The new standard aligns OSHA with the United Nations' global chemical labeling standard. Once fully implemented, OSHA expects the new regulations to prevent an estimated 43 deaths and result in about $475.2 million in productivity savings annually for U.S. businesses.
As many businesses know, OSHA's hazard communications standard is the most often cited of all OSHA regulations. This standard requires chemical labeling; the maintenance of material safety data sheets; and safety training of employees.
The labeling is under the control of the manufacturer, but employers are required to comply with the workplace-related provisions. Any business that has undergone an OSHA inspection knows that compliance officers invariably focus on these matters.
The revision of the standard ensures consistent practices both nationally and internationally. OSHA's new standard will classify chemicals according to their health and physical hazards, and establish consistent labels and safety data sheets for all chemicals made in the United States and imported from abroad.
Once fully phased in by 2016, the revised standard is expected to prevent an estimated 585 injuries and illnesses annually. It is intended to reduce trade barriers and result in productivity improvements for American business that regularly handle, store and use hazardous chemicals.
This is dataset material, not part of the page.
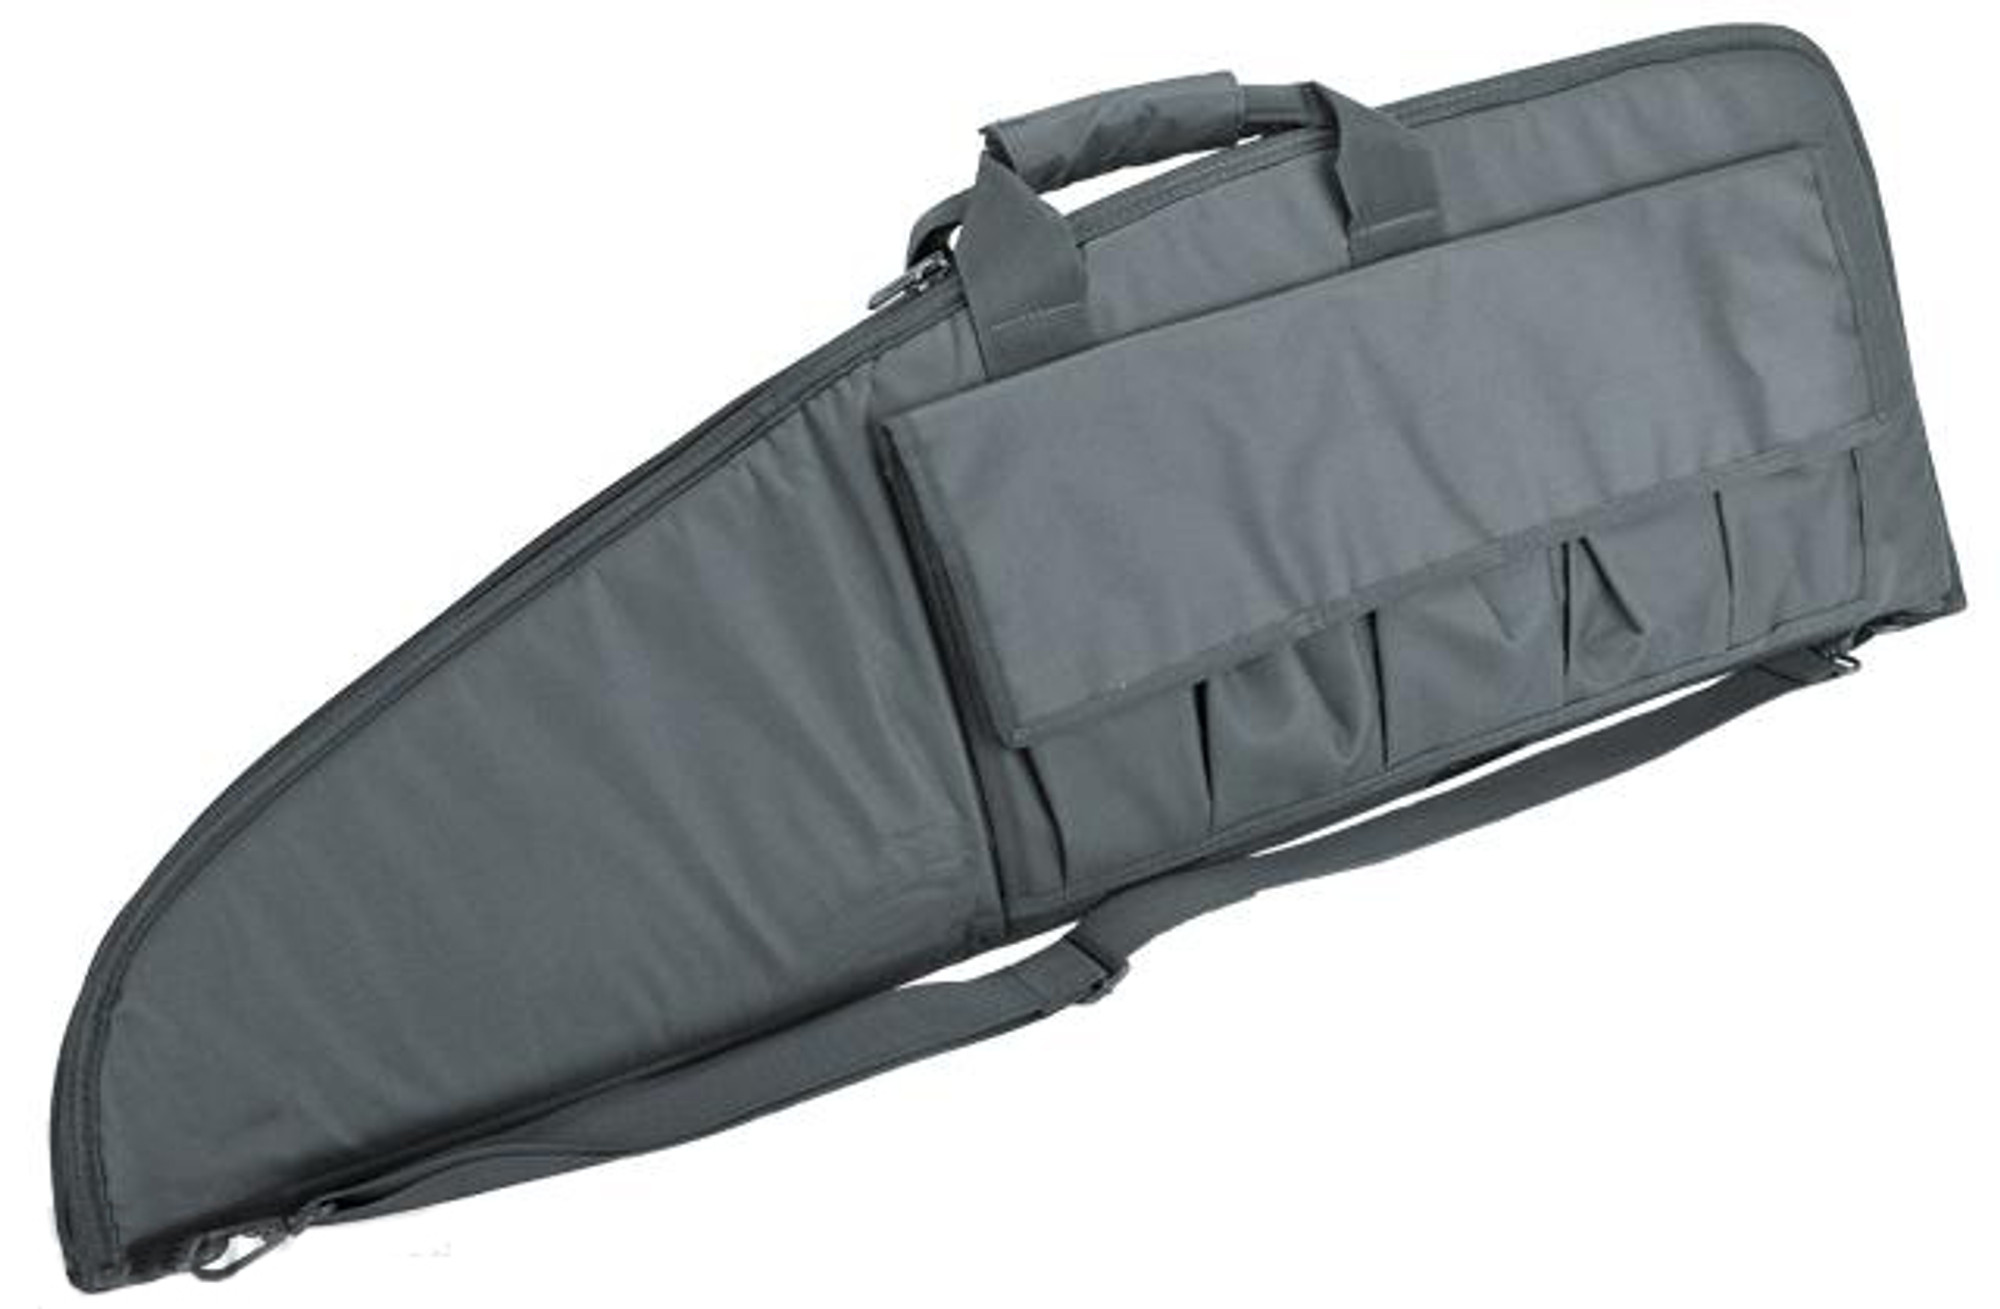 NcSTAR Tactical Deluxe Padded Rifle Bag w/ Built-in mag pouches - 38" (Urban Grey)

OSHA estimates cost savings of $32.2 million alone will accrue to businesses that periodically update safety data sheets and labels for chemicals covered in the standard.
Any business that utilizes chemical substances in the workplace should request updated materials from its suppliers and plan to initiate new hazard communications and training in the workplace to comply with the new standard.
Keep in mind that employee training on the new standard must be completed by the end of 2013.